Naive Bayes classifier assumes that the value of a particular feature is independent of the value of any other feature, which is always invalid in practice. The naive design and apparently oversimplified assumption affect classification performance of Naive Bayes. SVM can efficiently perform a nonlinear classification using what is called the kernel trick, implicitly mapping their inputs into high-dimensional feature spaces. However, a significant practical question, the selection of the kernel function parameters, is still not entirely solved. Table 3 indicates that the precision, recall, and F-measure for the Random Forests-based model were better than those for the Naive Bayes or SVM model. For further calculation, the average precision, recall, and F-measure in the Naive Bayes model were 94.85%, 86.79%, and 90.19%, respectively.

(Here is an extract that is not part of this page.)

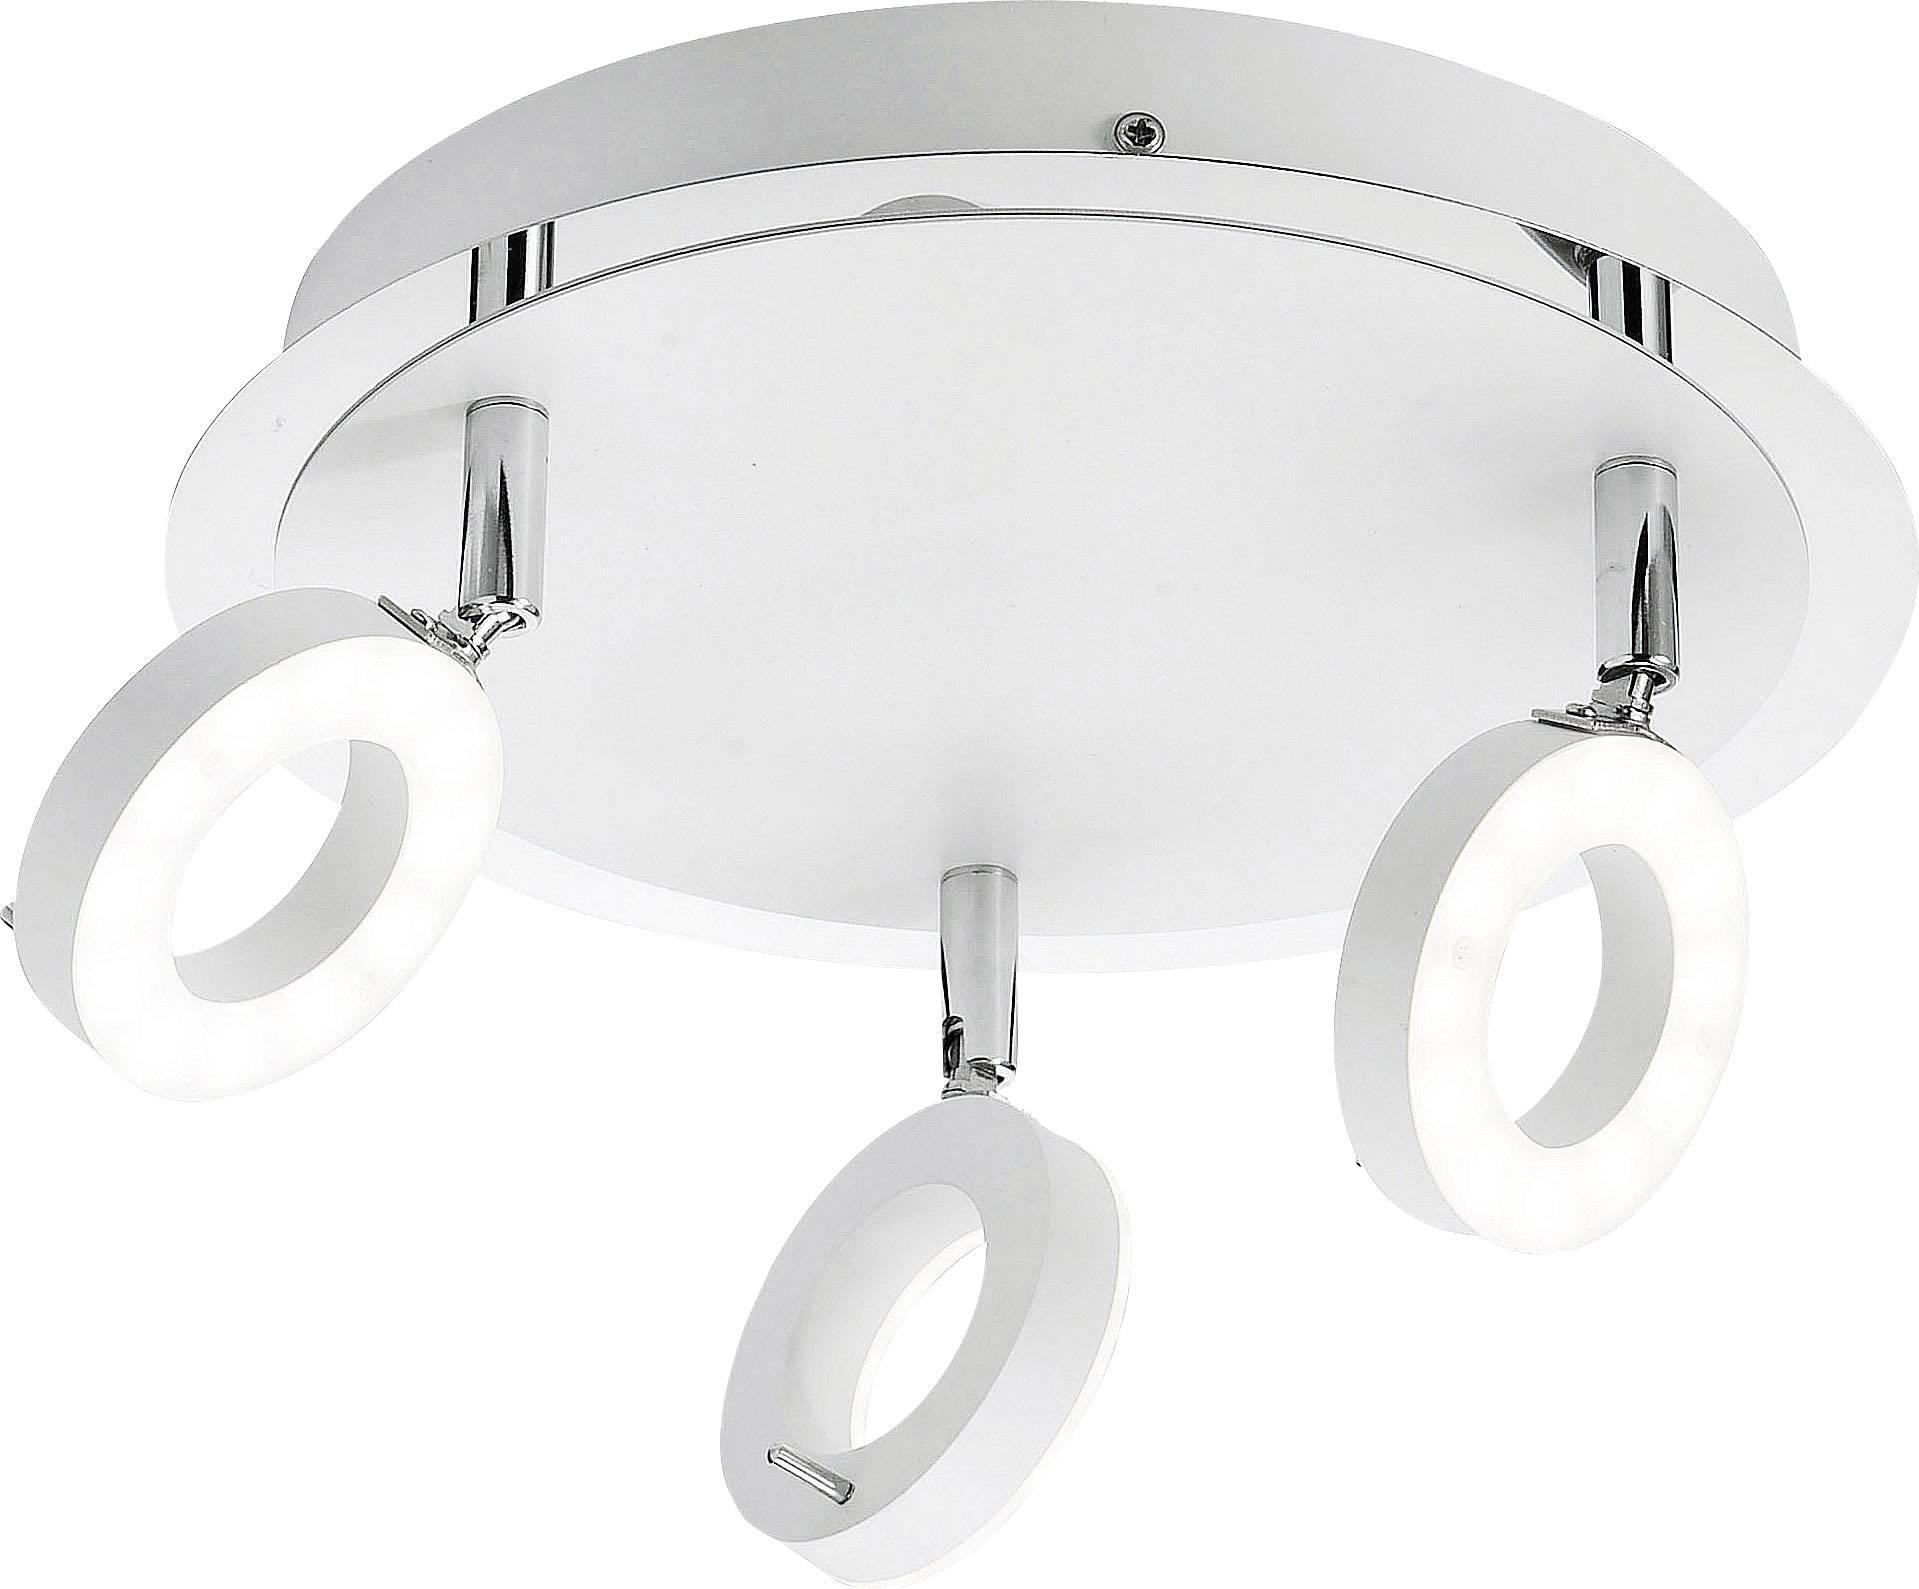 Ikea Badkamer Plafondlamp : Plafonniere badkamer ikea geweldig ikea badkamer plafondlamp

In the SVM-based model, the average precision, recall, and F-measure were 96.20%, 90.83%, and 93.24%, respectively. In contrast, the average precision, recall, and F-measure in the Random Forests-based model were 98.83%, 95.52%, and 97.07%, respectively. The results validated that the Random Forests-based perception model offers the best performance among the three models, indicating its better adaptability to the dynamic changes of the operational status in extra-long highway tunnels.

4. Discussion

4.1. Optimal Number of Clusters. Determining the number of clusters in a dataset, a quantity often labeled k, is a frequent problem in data clustering and is a distinct issue from the process of actually solving the clustering problem. The correct choice of k is often ambiguous, with interpretations depending on the shape and the scale of distribution of points in a dataset and the desired clustering resolution of the user.

In this study, the silhouette method was chosen for assessing the natural number of operational statuses. Frankly, the determination of k = 3 was of a little subjectivity; k = 2 or k = 3, after all, was only slightly smaller than it. In consequence, long-term accumulation of in-tunnel operational monitoring data is crucial for the rational classification of operational status.

4.2. Management and Control Strategy for Ventilation and Traffic Flow. The perception model can be used to determine the real-time in-tunnel operational status by using a combination of pollutant concentration and traffic volume monitoring results. In the SB direction of Qin Mountains No. 1 tunnel, the percentages of the operational environment with heavily polluted and severely polluted statuses were 59% and 31%, respectively. The lightly polluted status contributed less than 10% of the operational environment. The box-plots presenting the distributions of CO, N[O.sub.2], air velocity, [PM.sub.2.5], and HGV under different statuses are shown in Figures 7(a)-7(e).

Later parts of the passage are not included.